What Every US Airline Really Charges to Check Your Bags

What Every US Airline Really Charges to Check Your Bags

The $35 Surprise Waiting at the Counter

Most travelers book a flight, pack their bags, and assume the price they saw is the price they’ll pay. Wrong. For the majority of U.S. airlines, checking a single bag runs $35 each way on a domestic flight — and that number climbs fast once you add a second suitcase.

Alaska, American, Delta, JetBlue, and United all charge $35 to $40 for a first checked bag. Frontier charges more: $55 to $100 depending on the route and when you pay. A round trip with two checked bags on Frontier can blow past $200 before you’ve eaten a single airport sandwich. Hawaiian Airlines starts lower, at $15 for inter-island hops, but mainlaind flights match the competition.

Person packing clothes and accessories into an open suitcase indoors, warm light.

Second bags get expensive everywhere. Delta, Alaska, American, and United charge $45 for the second bag each way. A third bag runs $150 on most major carriers. The fees stack quickly, and most airlines assume you have no elite status and no cobranded credit card — because those change the math entirely.

Carry-Ons Are Not Free Everywhere

Alaska, American, Delta, Hawaiian, JetBlue, Southwest, and United all give passengers one personal item and one carry-on bag at no charge. Frontier and Spirit don’t. Frontier charges $34 to $60 for a carry-on — the kind you’d normally slide into the overhead bin without thinking. Spirit charges $26 to $65 for the same bag.

Blue hard-shell rolling suitcase with straw hat in a bright hotel lobby.

At those prices, checking the bag sometimes costs less than bringing it aboard.

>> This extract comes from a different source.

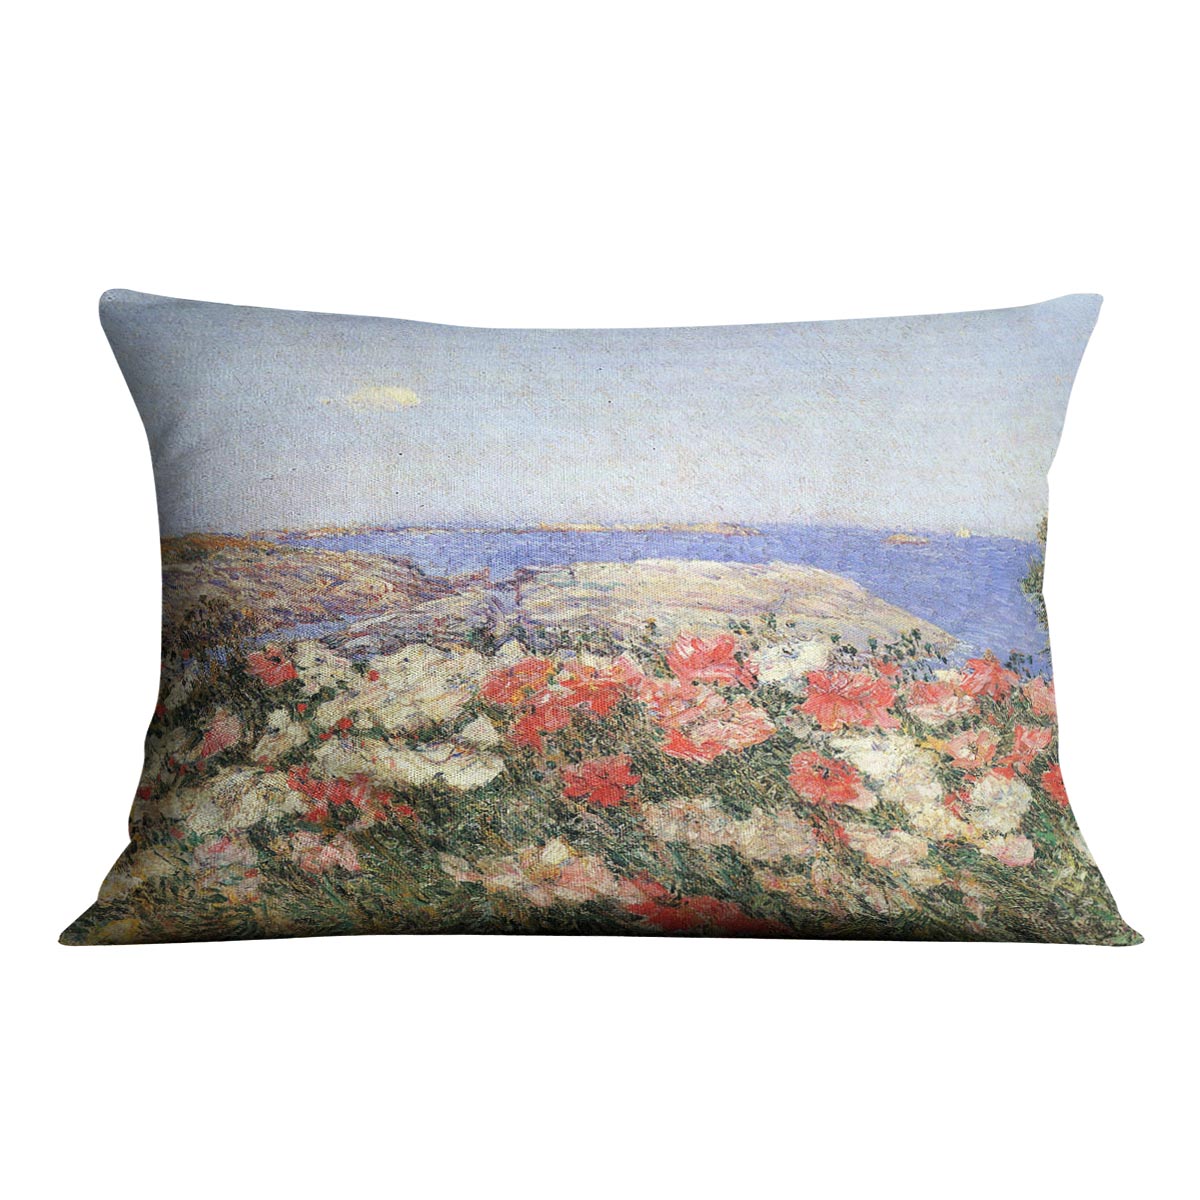 Poppies on the Isles of Shoals by Hassam Cushion - Canvas Art Rocks - 4
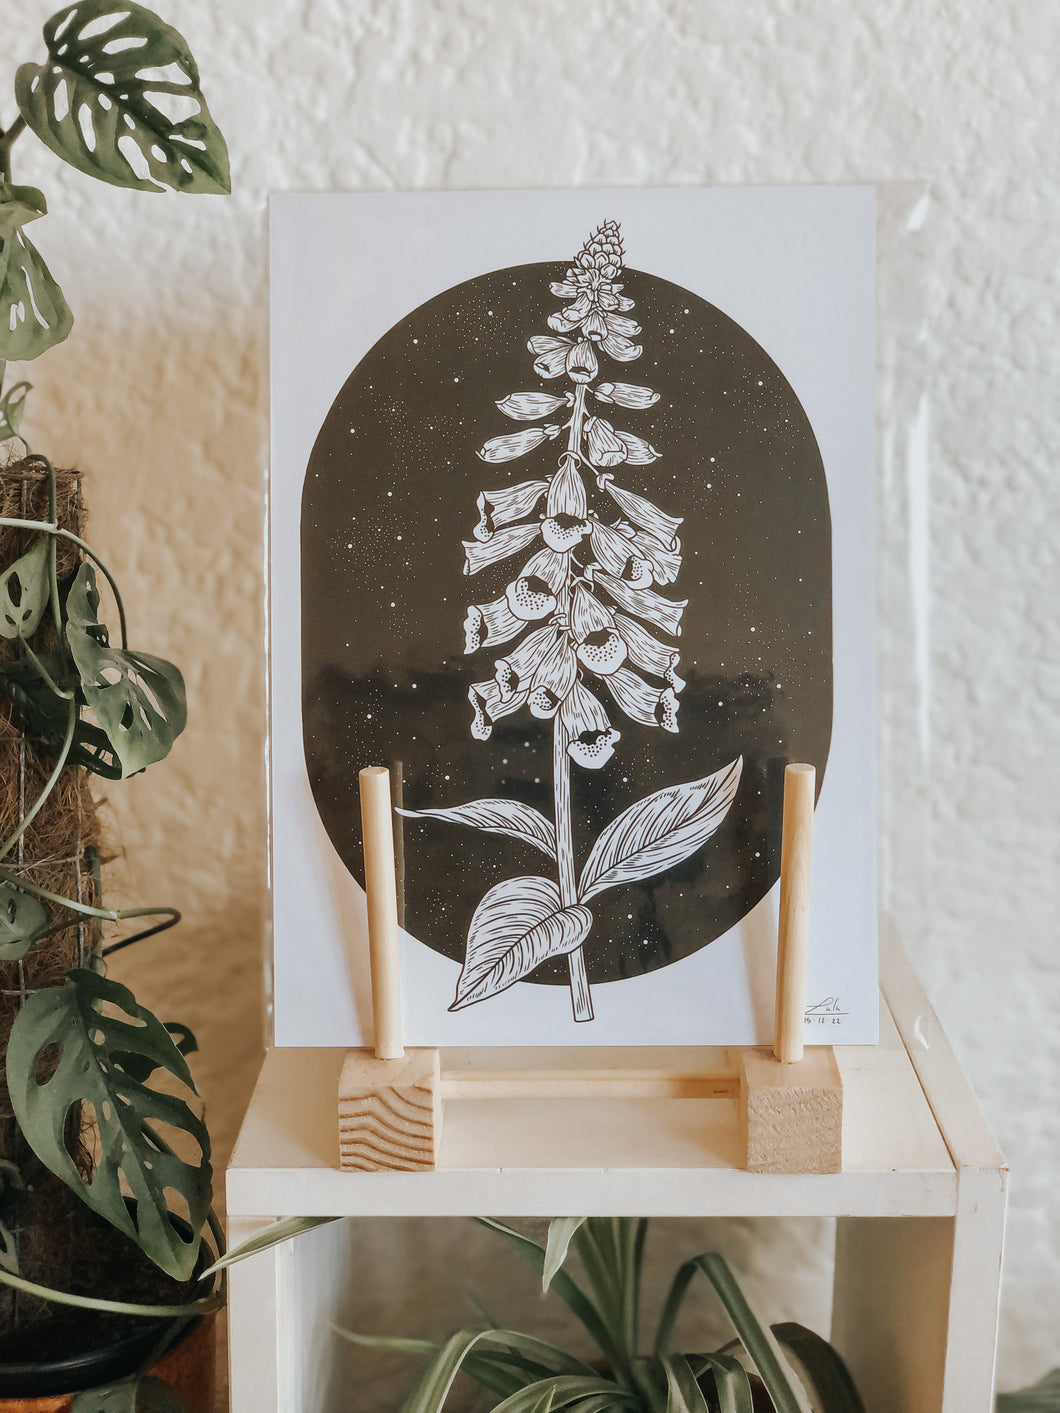 Black and white illustration of foxglove flowers and a stary night background. Simply download, print, frame and enjoy!

The math gets genuinely ugly on budget carriers. Personal items — backpacks, laptop bags, small totes that fit under the seat — remain free on all major U.S. airlines. But size limits vary by carrier, so measure your bag before you assume it qualifies.

United Basic Economy passengers face a specific squeeze: no full-size carry-on in the overhead bin, just a personal item. Bring a larger bag to the gate anyway, and United charges a $25 gate handling fee on top of the standard baggage rate. It’s the kind of fine print that stings at 6 a.m.